To proceed, we should take expectations from both sides of (21). For this, we use the assumptions (1)–(4), and from these assumptions, several results can be inferred as follows

  • Result 1 Since the matrix \({\Lambda }_k \left( i \right) \) only consists of the regression vectors, it is independent of measurement noise \(v_k \left( i \right) \).

  • Result 2 From \(\varvec{\psi } _{k-1}^{(i)} =\varvec{\psi } _{k-2}^{(i)} +\mu _{k-1} \varvec{u}_{k-1,i}^*\left( {d_{k-1} \left( i \right) -\varvec{u}_{k-1,i} \varvec{\psi } _{k-2}^{\left( i \right) } } \right) \), it is clear that \(\varvec{\psi } _{k-1}^{(i)} \) only depends on the measurements \(d_\ell \left( j \right) \) of node \(k-1\) and its previous nodes in current iteration, and also on the measurements of its previous iterations.
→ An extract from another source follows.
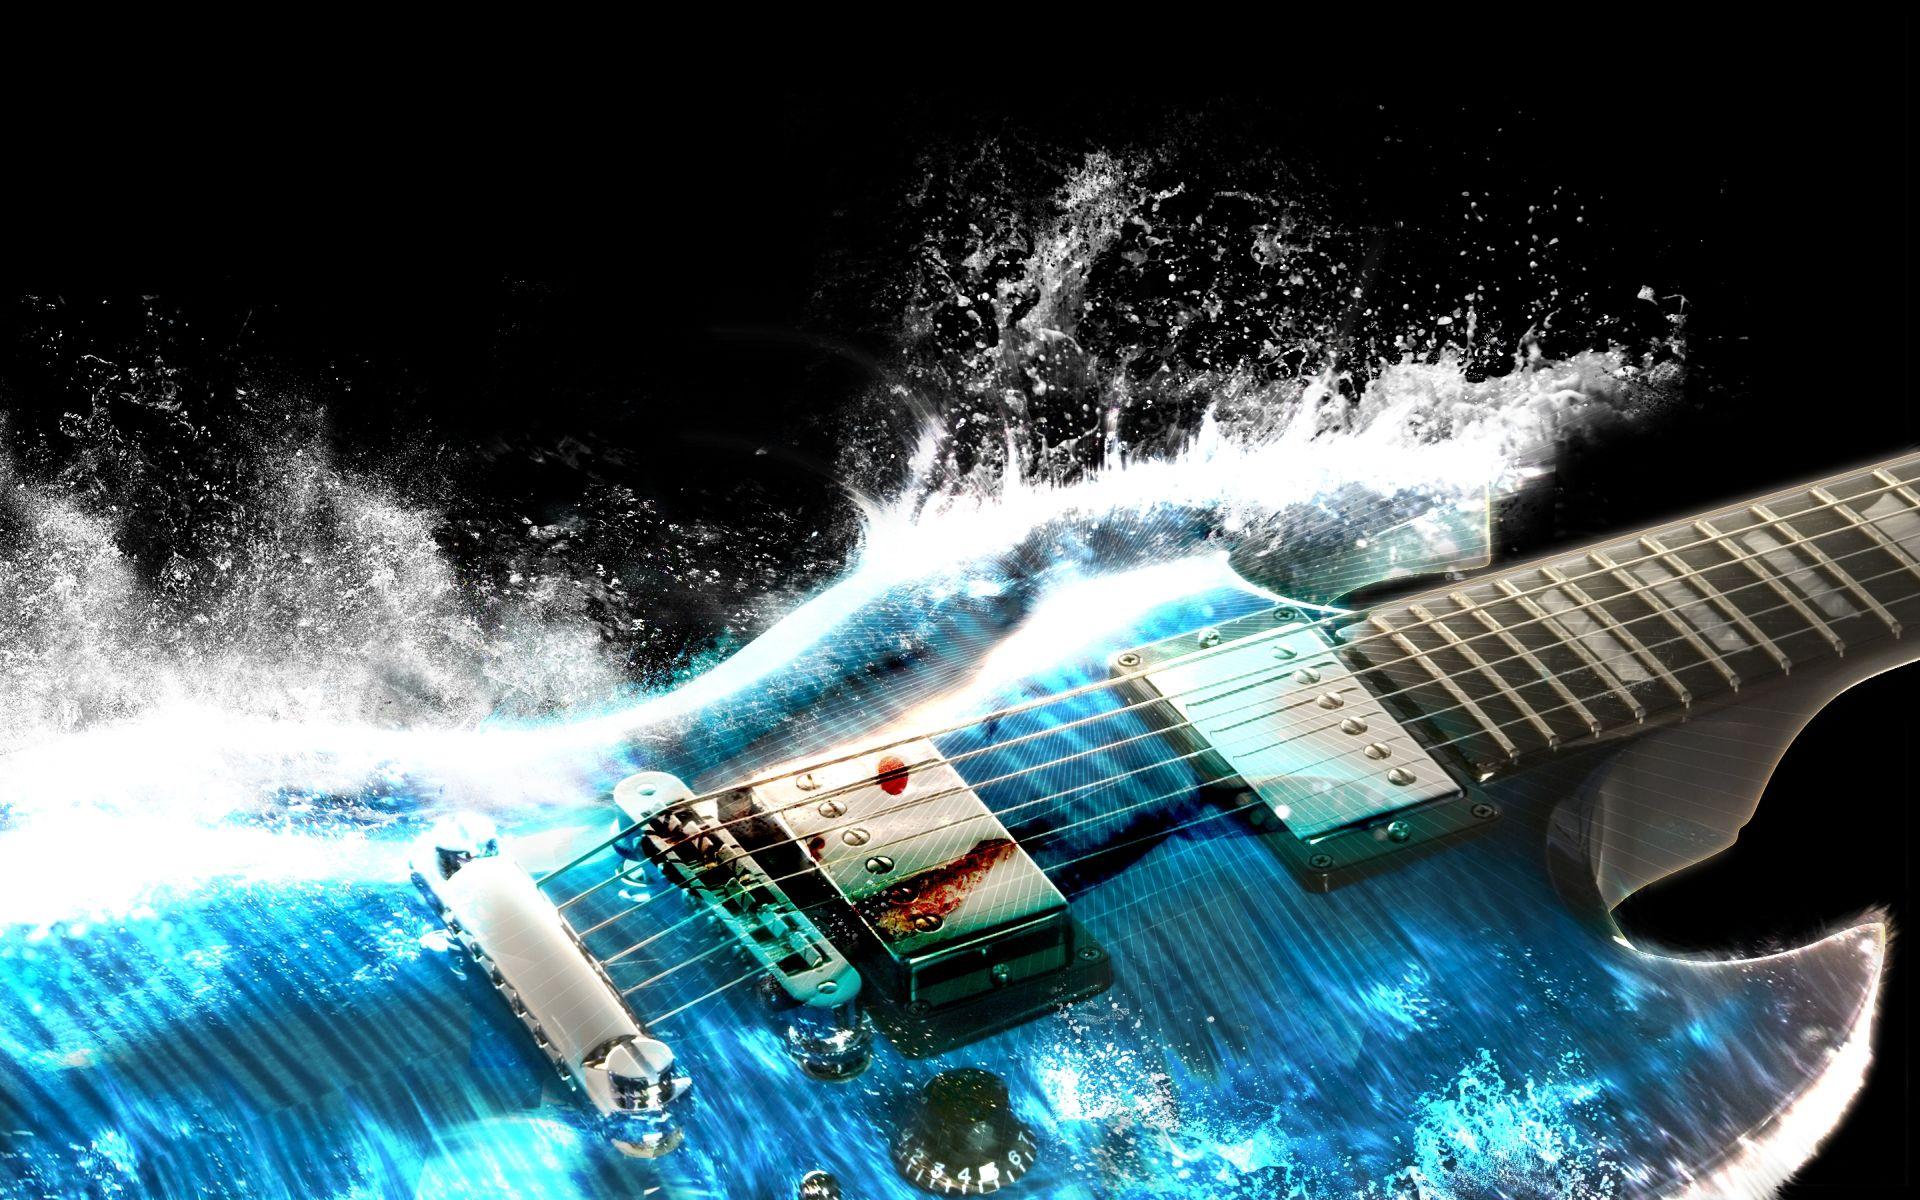 Electric Guitar blue, Good Wallpaper

So, from assumption (1), the noise \(v_k \left( i \right) \) will be independent of \(\varvec{\psi } _{k-1}^{(i)} \) and \(\bar{\varvec{\varvec{\psi }}}_{L_{\mathrm{opt}} ,k-1}^{\left( i \right) } \).

  • Result 3 Since \(\varvec{\psi } _{k-1}^{(i)} \) only depends on the regression vectors \(\varvec{u}_{\ell ,j} \) of node \(k-1\) and previous nodes in current iteration, and the regressions of previous iterations, so from assumptions (2) and (3), it is clear that \(\varvec{u}_{k,i} \) and so \({\Lambda }_k \left( i \right) \) are independent from \(\varvec{\psi } _{k-1}^{(i)} \) and \(\bar{\varvec{\psi }}_{L_{\mathrm{opt}} ,k-1}^{\left( i \right) } \).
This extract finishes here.